# Spanish Oaks Res struggles...



## mtnwestwalkers (Mar 24, 2011)

:roll: Was fishing Spanish Oaks from about 9:30 am till 11:30 today. I first started fishing off the bottom with trout worms and had no luck. I then switched to a bobber w/ a 24 inch lead, again, with worms but the same result.

People around me where catching fish. A few guys where floating around the res. and looked to be catching fish every 10 minutes or so. I 'm guessing they where fly fishing mostly but don't know for sure. A few guys where fishing the shore and had some results as well but not as much as the guys floating around the res.

Just wanted to see what the thinking is out there. Am I using the wrong kind of bait? What bait is used in that res. and what technique?

One of the things I should have done is move around some. I stayed in the same pl :roll: ace for the three hours I was there. I still feel like I should have got at least a bite?

What am I missing here? o-||


----------



## sawsman (Sep 13, 2007)

mtnwestwalkers said:


> What am I missing here? o-||


Smelly-Jelly. Dip the worm in it. 

Seriously though, that's fishing sometimes. Persistance and patience will pay off for you. Sometimes moving around is the ticket. Just keep at it!


----------



## mtnwestwalkers (Mar 24, 2011)

Yeah, I don't know if I was being hard headed or lazy but I stood in one place. I guess a lil of both..lol I like to know what those guys where using floating around the res. I'm guessing flies?


----------



## sawsman (Sep 13, 2007)

If you dont have any bites after awhile, it's good to try something else. Try throwing different lures.. sometimes that'll entice them to strike.


----------



## mtnwestwalkers (Mar 24, 2011)

I think you can use flies from the shore. But, I wouldn't really know cause I'm not a fly fisherman. Thing is flies have no real weight so from the shore your not going to get much distance.

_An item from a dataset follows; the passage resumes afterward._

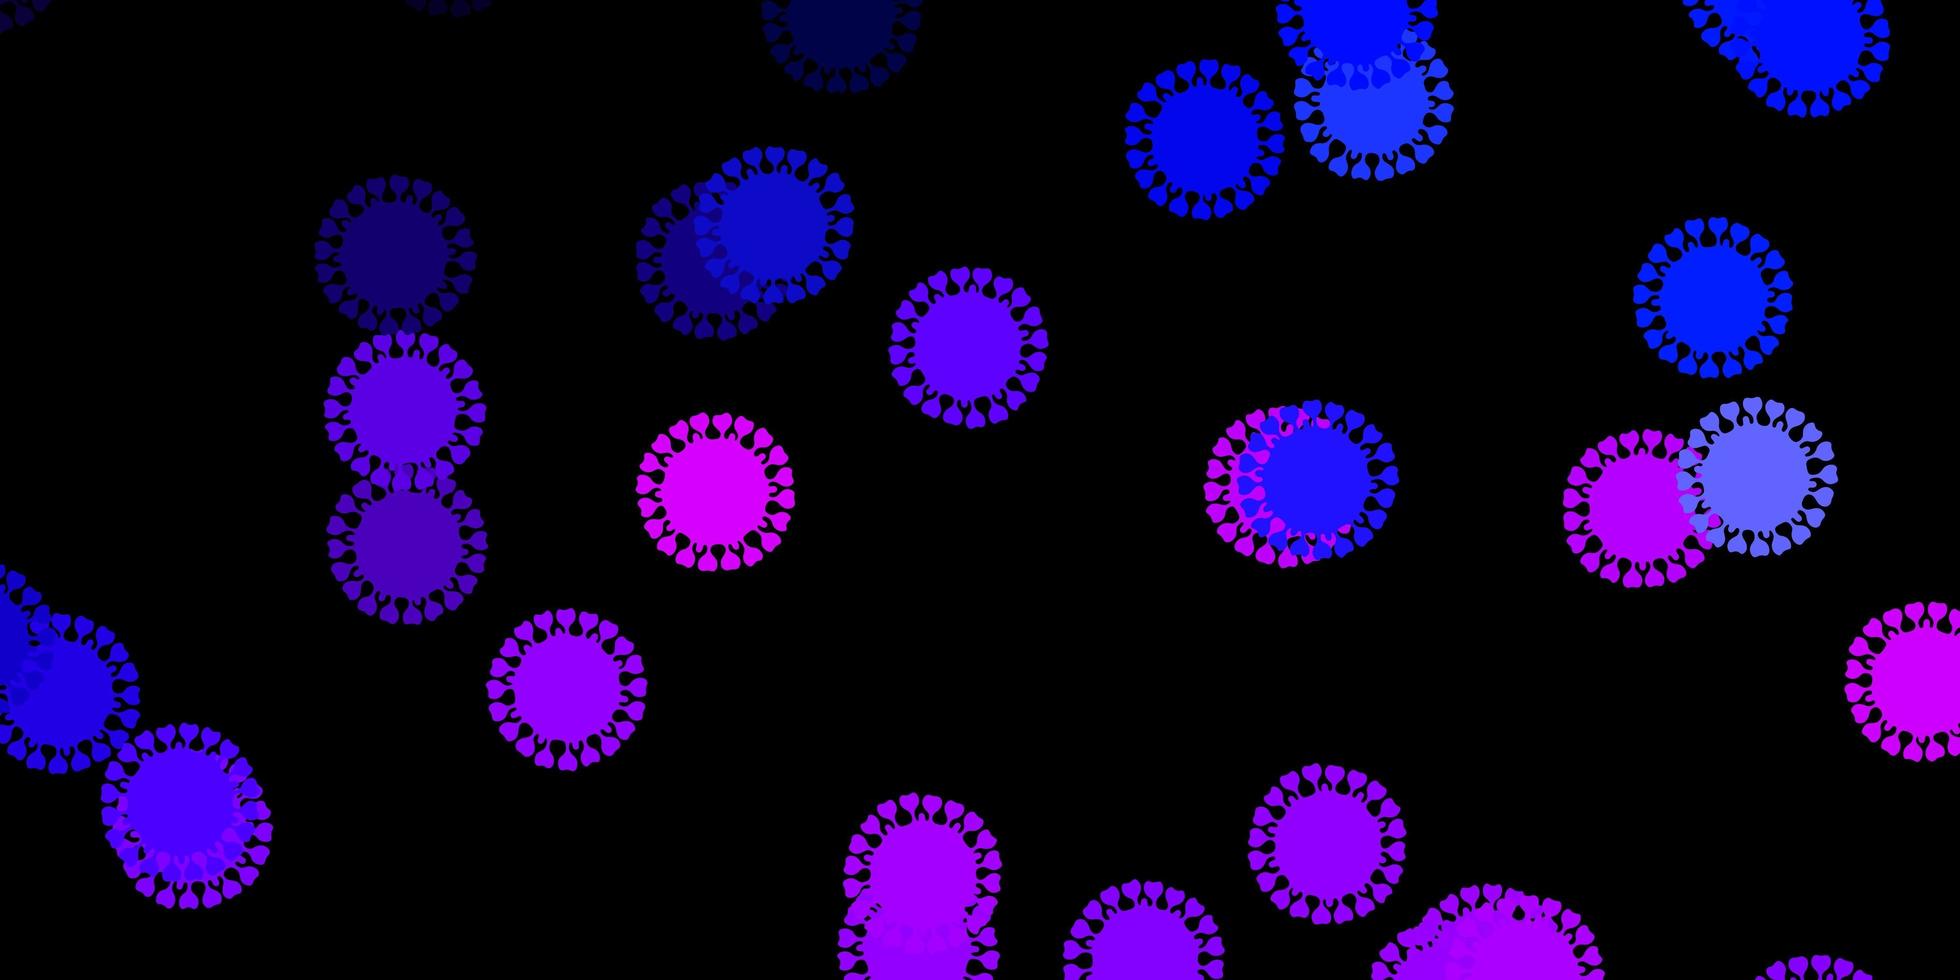 mörkrosa, blå vektorbakgrund med virussymboler vektor

I never tried this but what about a weighted bobber with a 36 inch lead? You couldn't fish the fly like you where fly fishing but they may strike it anyway cause of size and looks but it wouldn't have the action.


----------



## sawsman (Sep 13, 2007)

Try using a clear plastic bubble filled 3/4 full with water above a swivel. Tie on 24 to 36" of leader and tie a fly to the end. Cast it as far as you can and reel it back slowly... A Pistol Pete fly is a good bet as well.


----------



## mtnwestwalkers (Mar 24, 2011)

Yeah, that's a good idea...never used the clear plastic bubble. I've seen them.

I picked up a few of those Cortland 'Fly Assortment' Panfish Poppers so I'll see how those work. I'll do a 36" lead behind a weighted foam snap on float for now.

I was looking at that Pistol Pete as well. I'll get a hold of one this weekend.

Sould be heading out to Spanish Oaks again AM Friday. I don't like going o-for...lol thanks for the info. I let ya know how it goes. If your free head on out and get in touch.

talk soon, Robb


----------



## jsfano (Jun 23, 2010)

I like to use a worm & mini-marshmallow combo when fishing from the bottom on a 3-4 ft leader. I get a lot of success with this set up. But as sawsman said, thats just how it goes sometimes. Earlier this year I got an all day pass from the wife to go fishing. Not a single hit! 8hrs later of throwing everything and anything and my neighbors cat we called it quits. Slayed it next though


----------



## REPETER (Oct 3, 2007)

Sometimes those areas the fish can be pretty fickle. When I'm fishing a worm in a place like Spanish Oaks I use a small barbed hook~ smaller then I'd use anywhere else. And I put on at most a 3rd of the worm. Cast it out as deep as I can get it and if I don't get hit within 3-5 min I reel in slowly and repeat.


----------



## mtnwestwalkers (Mar 24, 2011)

Thanks Gents for the info. I will update you all soon as I fish it again. Thanks again!!


----------



## Guest (Jun 14, 2011)

i am a new here ,it is great


----------



## mtnwestwalkers (Mar 24, 2011)

It is great when your catching fish it's all the better


----------